Many large investment funds with environmental, social and governance criteria have outperformed the broader market during the COVID-19 pandemic, buoyed in part by the funds' heavy weighting in large technology company stocks that have seen their own strong performance.
S&P Global Market Intelligence analyzed 17 exchange-traded and mutual funds with more than $250 million in assets under management that select stocks for investment based in part on ESG criteria. The analysis found that 14 of those posted higher returns than the S&P 500 in 2020 through July 31, with those outperformers rising between 1.8% and 20.1%. In comparison, the S&P 500 was up 1.2% as of July 31. An analysis of the same group of 17 ESG funds in May 2020 found that all but two had lost value in the year to date.
Critics of ESG investing often question whether the strategy can deliver premium returns. But ESG fund managers have said their focus on nontraditional risks led to portfolios of companies that so far have been resilient during the COVID-19 downturn.
BlackRock, Inc. Chairman and CEO Larry Fink in a July 17 earnings call noted that demand for sustainable products continues to accelerate as clients increasingly turn to ESG, "not only for investments that reflect their values but also to enhance performance, risk management and portfolio construction."
Globally, flows into sustainable investment funds doubled to $54.6 billion in the second quarter of the year over the first quarter, according to Morningstar Inc. data.
The top performer in the latest ESG fund analysis by S&P Global Market Intelligence was the Brown Advisory Sustainable Growth Fund. The fund, managed by Brown Advisory Inc., gained 20.1% in the year to date. The second-highest performer in the group was Nuveen Winslow Large-Cap Growth ESG Fund with a price increase of 19.7%. That fund is co-managed by Nuveen Fund Advisors, LLC and Winslow Capital Management, LLC. The Putnam Sustainable Leaders Fund managed by Putnam Investment Management, LLC, came in third place with an increase of 10.8%.
The only two ESG funds in the group with negative returns in the year to date were Neuberger Berman Investment Advisers LLC's Neuberger Berman Sustainable Equity Fund, with a price down 0.4%, and Parnassus Investments' Parnassus Endeavor Fund, down 3.2% for the year, which was still better than those funds were performing in May.

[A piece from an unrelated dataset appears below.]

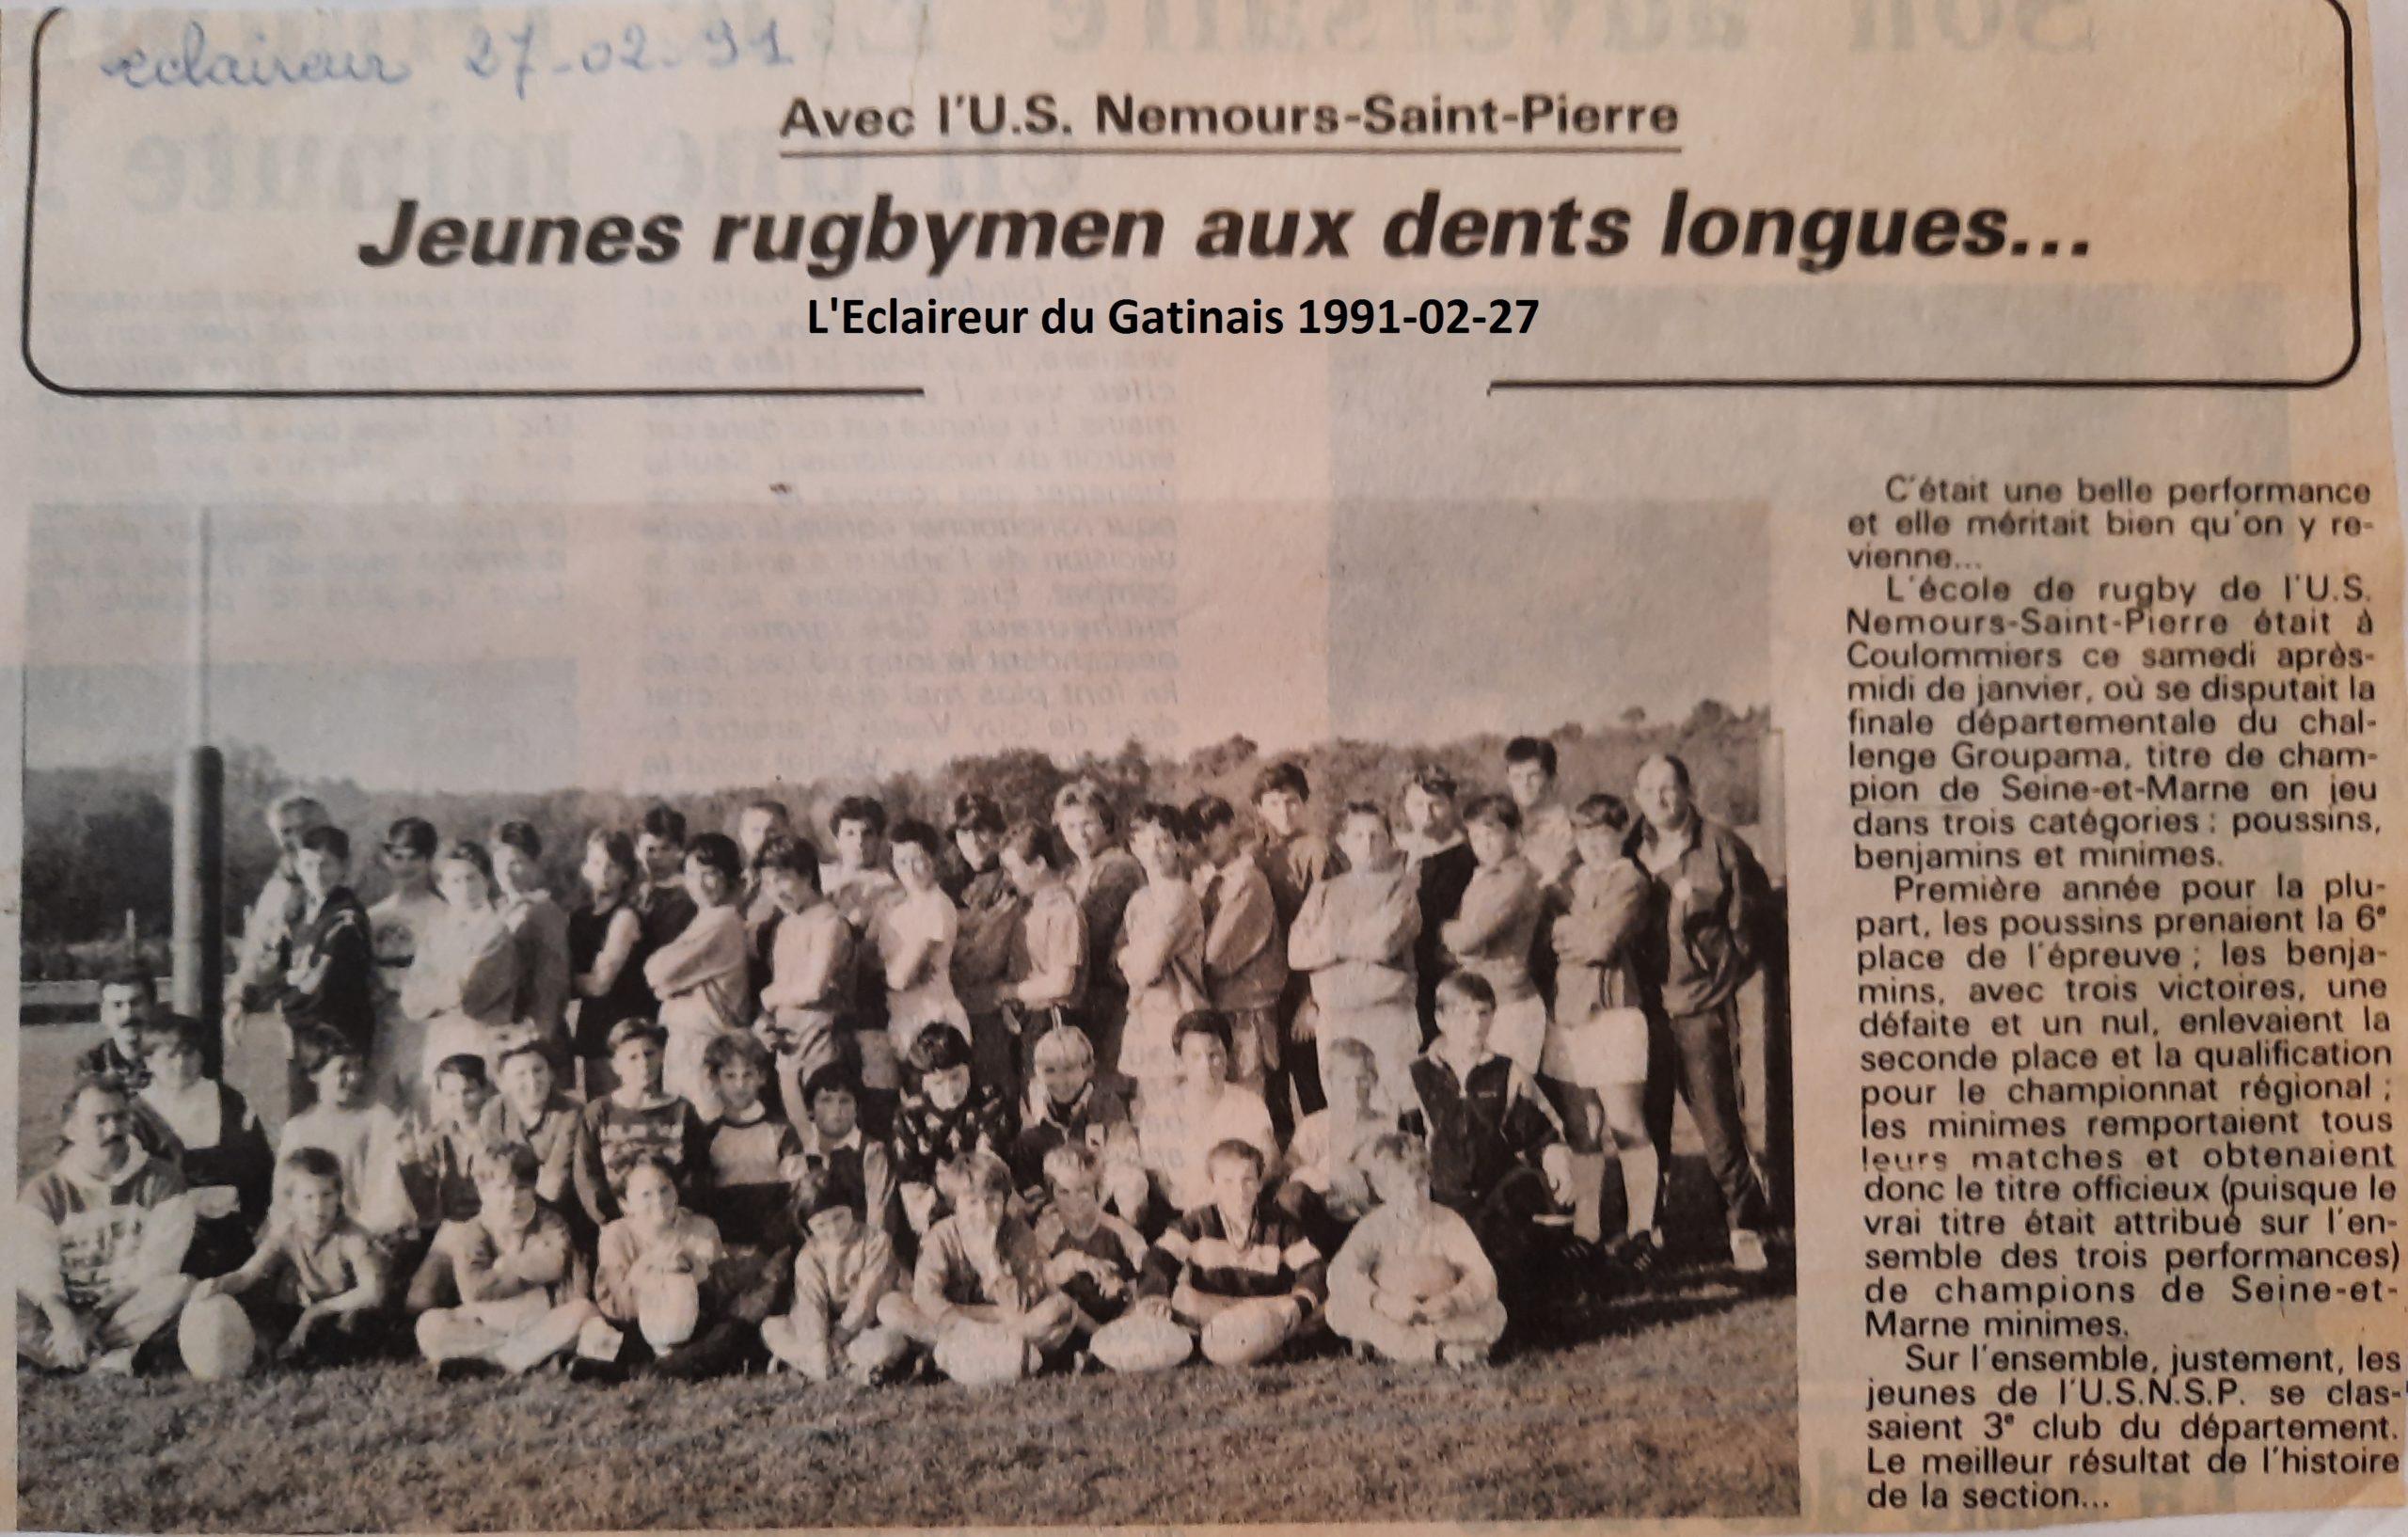 Eclaireur du Gâtinais 1991-02-27
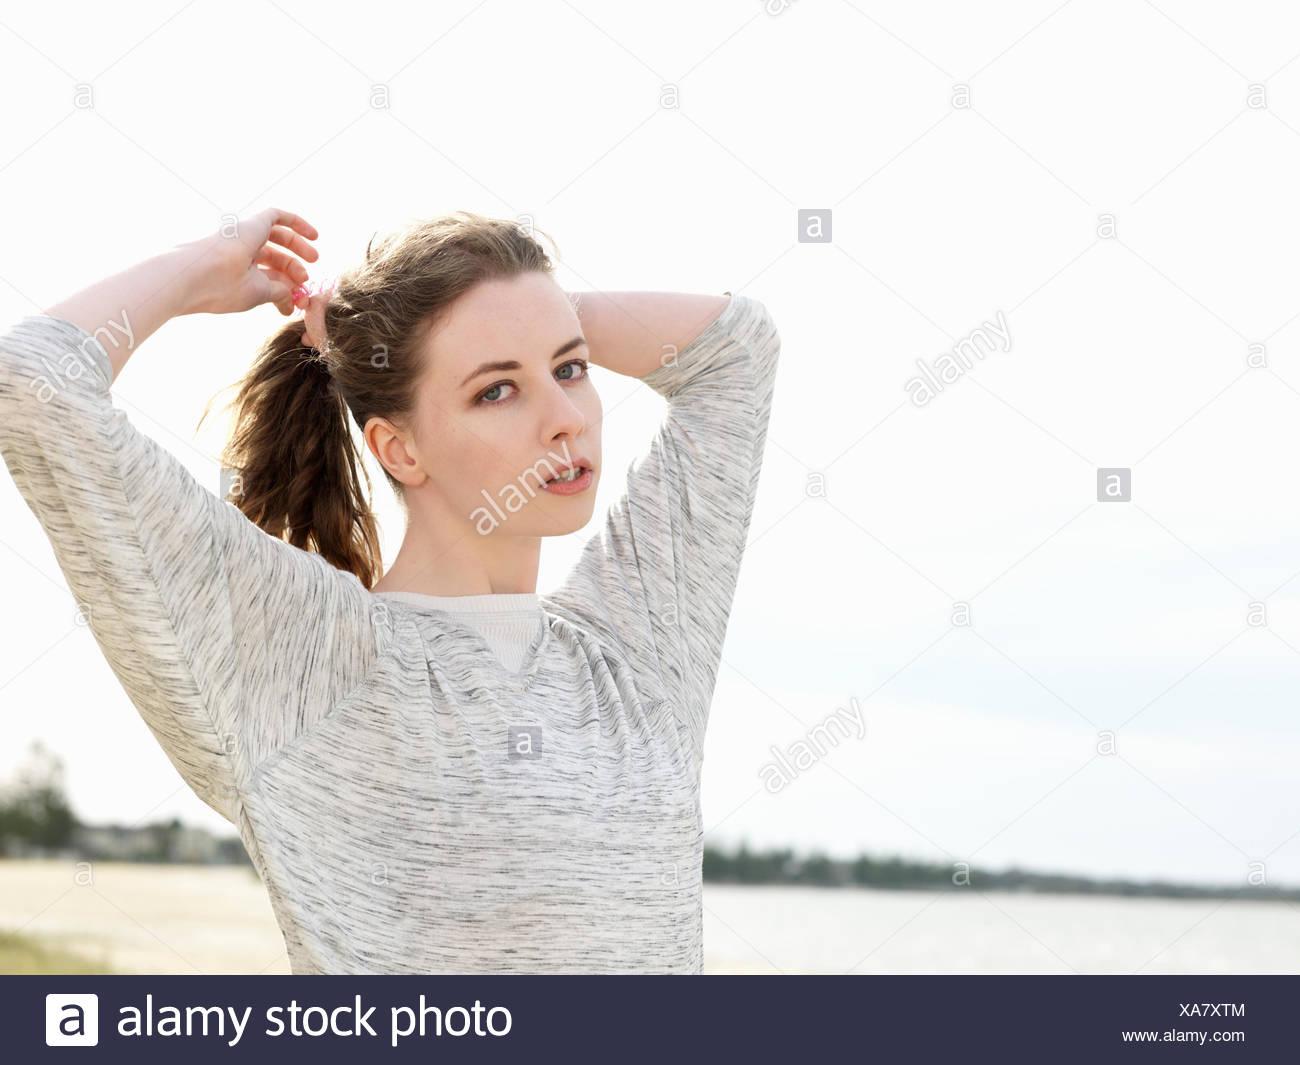 Junge Frau Anpassung Pferdeschwanz Stockbild

Information technology stocks comprise at least 20% of the holdings for each of the funds reviewed, according to S&P Capital IQ data. As of July 31, technology stocks accounted for about 36% of the Brown Advisory Sustainable Growth Fund and about a 47% equity share of the Nuveen Winslow Large-Cap Growth ESG Fund. Tech stocks, in comparison, made up about 28% of the S&P 500 at that time.
As for technology stocks, for the six month period ended Aug. 11, the S&P 500 Information Technology Sector index value was up 10.8% while the S&P 500 overall was down 0.7%, S&P Capital IQ data shows. And some of the S&P 500's biggest technology company stocks by market cap — Facebook Inc., Amazon.com Inc., Apple Inc., Microsoft Corporation and Google parent Alphabet Inc. — as of July 24 had markedly outperformed the rest of the index for the year. The FAAMG stocks were up 29.2%, compared to less than 0.3% for the rest of the S&P 500.
Sarah Hindlian-Bowler, a senior software analyst at financial services company Macquarie Group Ltd., said the performance of information technology stocks reflects the value those industries are providing to society during the COVID-19 pandemic.
"There has definitely been a dollar rotation into technology in this current environment," Hindlian-Bowler said. "[I]f you look at the world as a whole right now, there really aren't a lot of great alternative places where there's a clear thematic and real benefit from the actual virus, which is the work-from-home, school-from-home component."